>I must get round to buildign a secodn Williamson. A friend of mine had
>one and wanted to get a stereo pair but he never found a second one. He
>gave it to me in exachnage for repairs to his guitar amp. He also gave be
>some boxes of 'junk' which incuded a pair of new KT66s, other valves,
>valvholders, etc _and the Williamson mains and output transformers. In
>other words he'd got the hard to find bits to make his pair... His loss....
>
>-tony
>
I am seriously jealous... No not really, I'm glad for you. How terrific!

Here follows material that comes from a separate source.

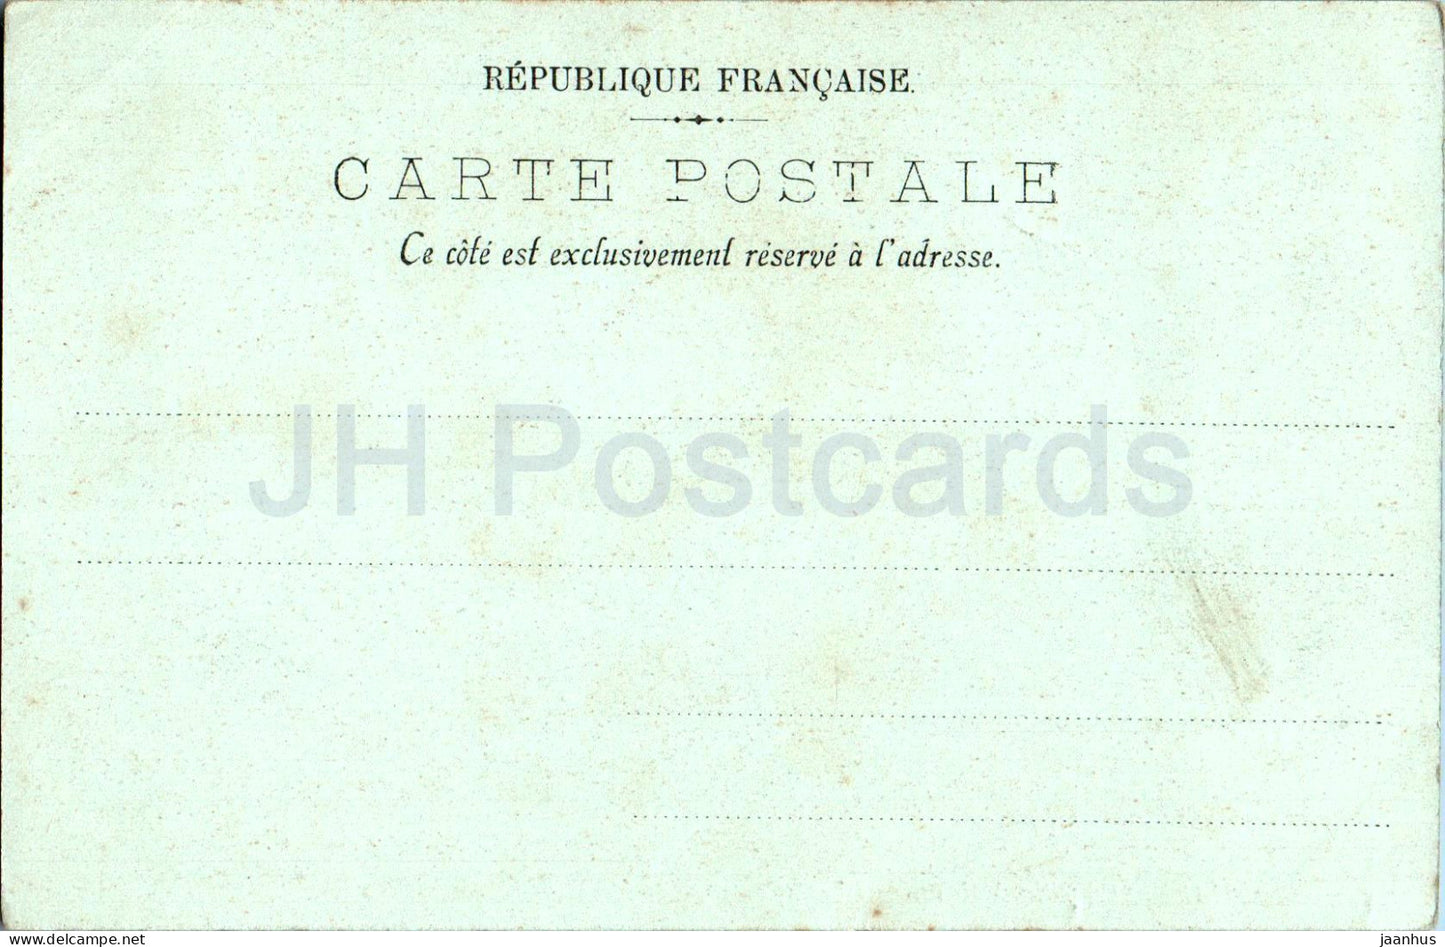 Caen - Vieilles Maisons - alte Häuser - 11 - alte Postkarte - Frankreich - unbenutzt

What are you waiting for? ;-)
Jonas
>
> I will have to find mine... From what I remember, it's a yellow cover and
> titled 'High Quality Sound Reprodcution'. It includes (I think it this
> order) the 5-20 (EF86, ECC83, 2*EL34, GZ32), preamp for the 5-20
> (3*EF86), FM tuner (I can't remember the full line-up, I am pretty sure
> the IF amplifiers are EF41s, the detector an EB91 with an EM80 tuning
> indicator), the pre-amps for the 5-10 (EF86) and the 5-10 itself (EF86,
> ECC83, 2*EL84, EZ81),
>
If you could find it and give me details of it, I can start looking. That
would be much appreciated.
> There were of coruse other FM tuners for the home constructor at one
> time, Some easier to align than others...
>
> I also have the GEC book on audio amplifiers. The _low power_ one is the
> Williamson (15W, 2*KT66 in the output stage). I think the highest power
> amplifier schematic in that book gives 1.1kW RMS into the speakers...
>
*Drool*
Another book I shall have to try and find...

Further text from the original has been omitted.